» **Task statement**: From the line holding "Un diseño de" through the line holding "Harman Motorsport Signage" below, write out every line exactly; include both of those lines and drop the pictures.

» **Records to process**:
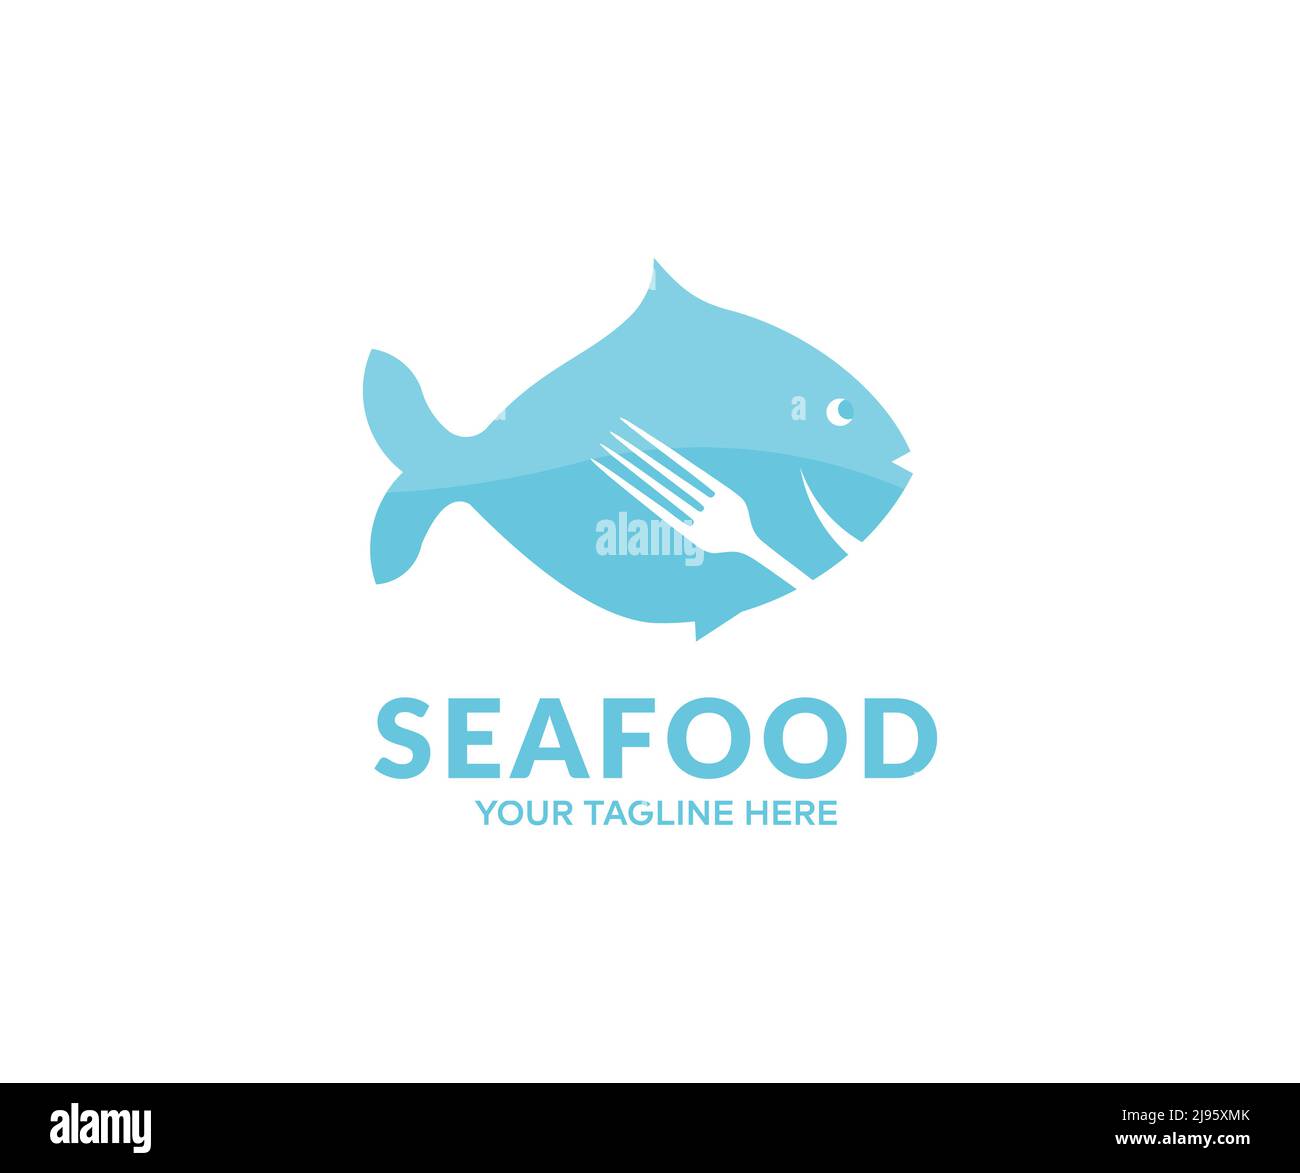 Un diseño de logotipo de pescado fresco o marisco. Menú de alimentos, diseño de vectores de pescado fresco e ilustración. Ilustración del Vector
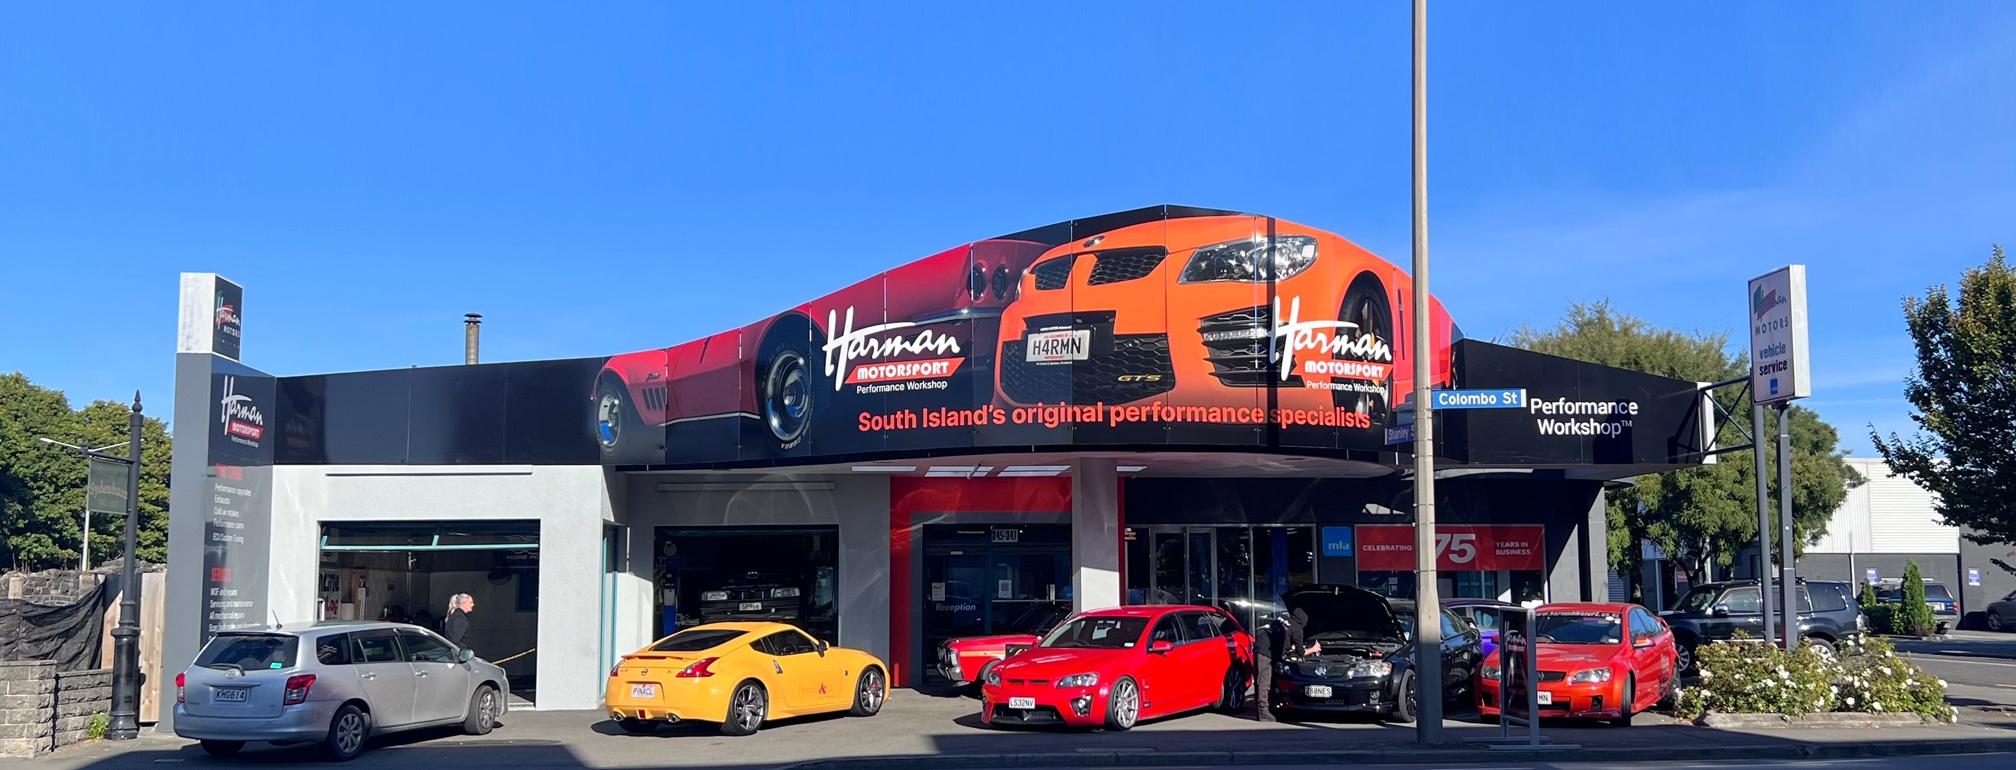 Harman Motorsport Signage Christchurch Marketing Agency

* * *

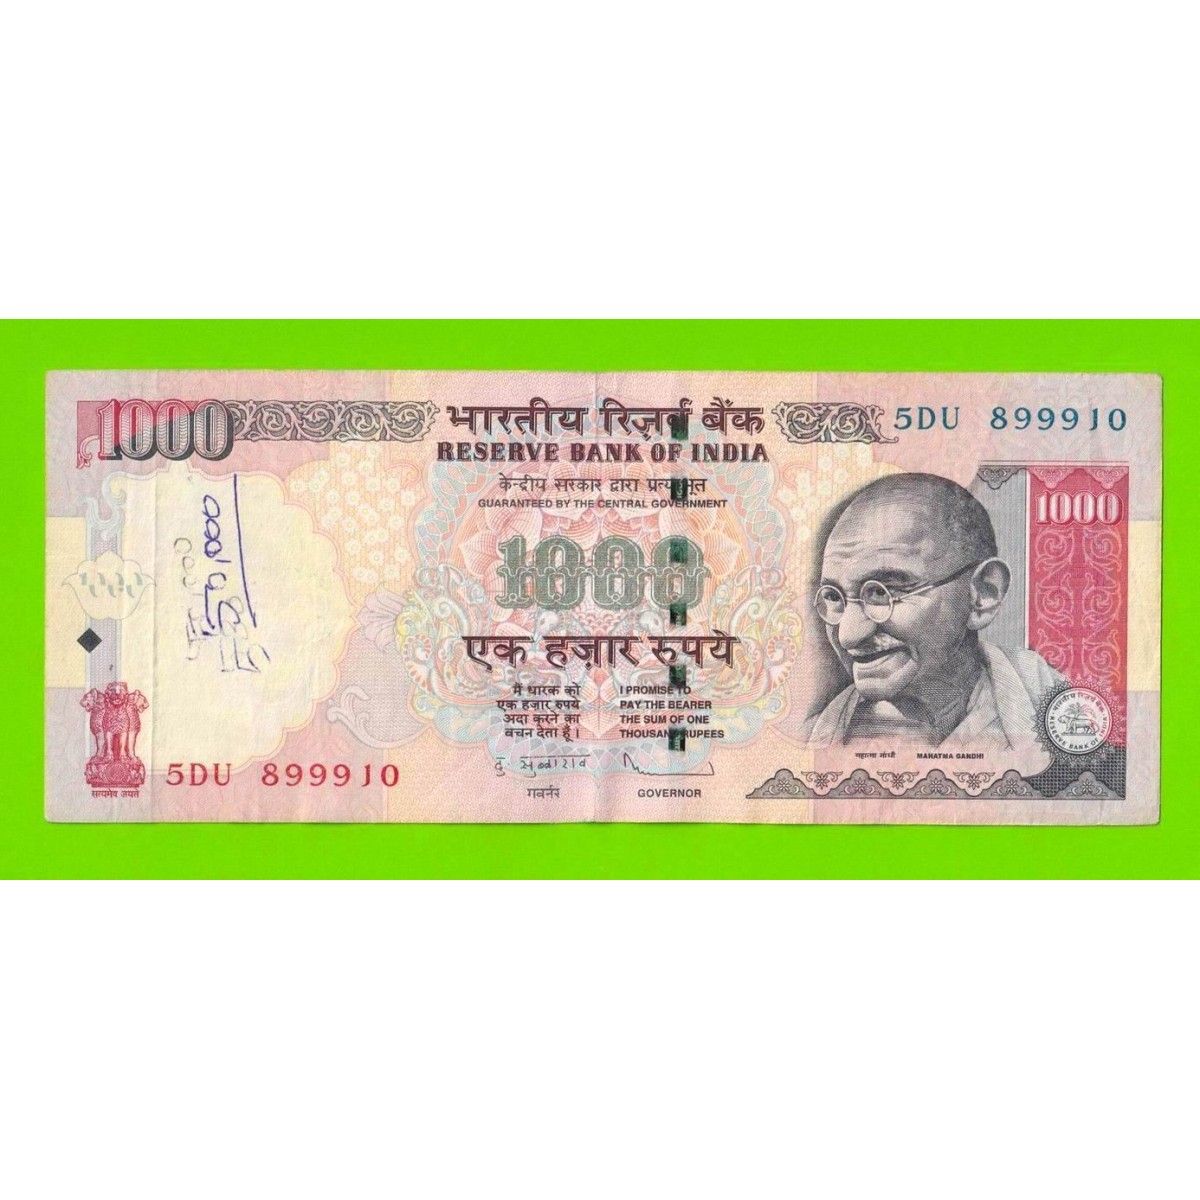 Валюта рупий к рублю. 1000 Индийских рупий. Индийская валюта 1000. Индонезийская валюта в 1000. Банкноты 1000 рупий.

» **Reply to the exercise**:
 Un diseño de logotipo de pescado fresco o marisco. Menú de alimentos, diseño de vectores de pescado fresco e ilustración. Ilustración del Vector
 Harman Motorsport Signage Christchurch Marketing Agency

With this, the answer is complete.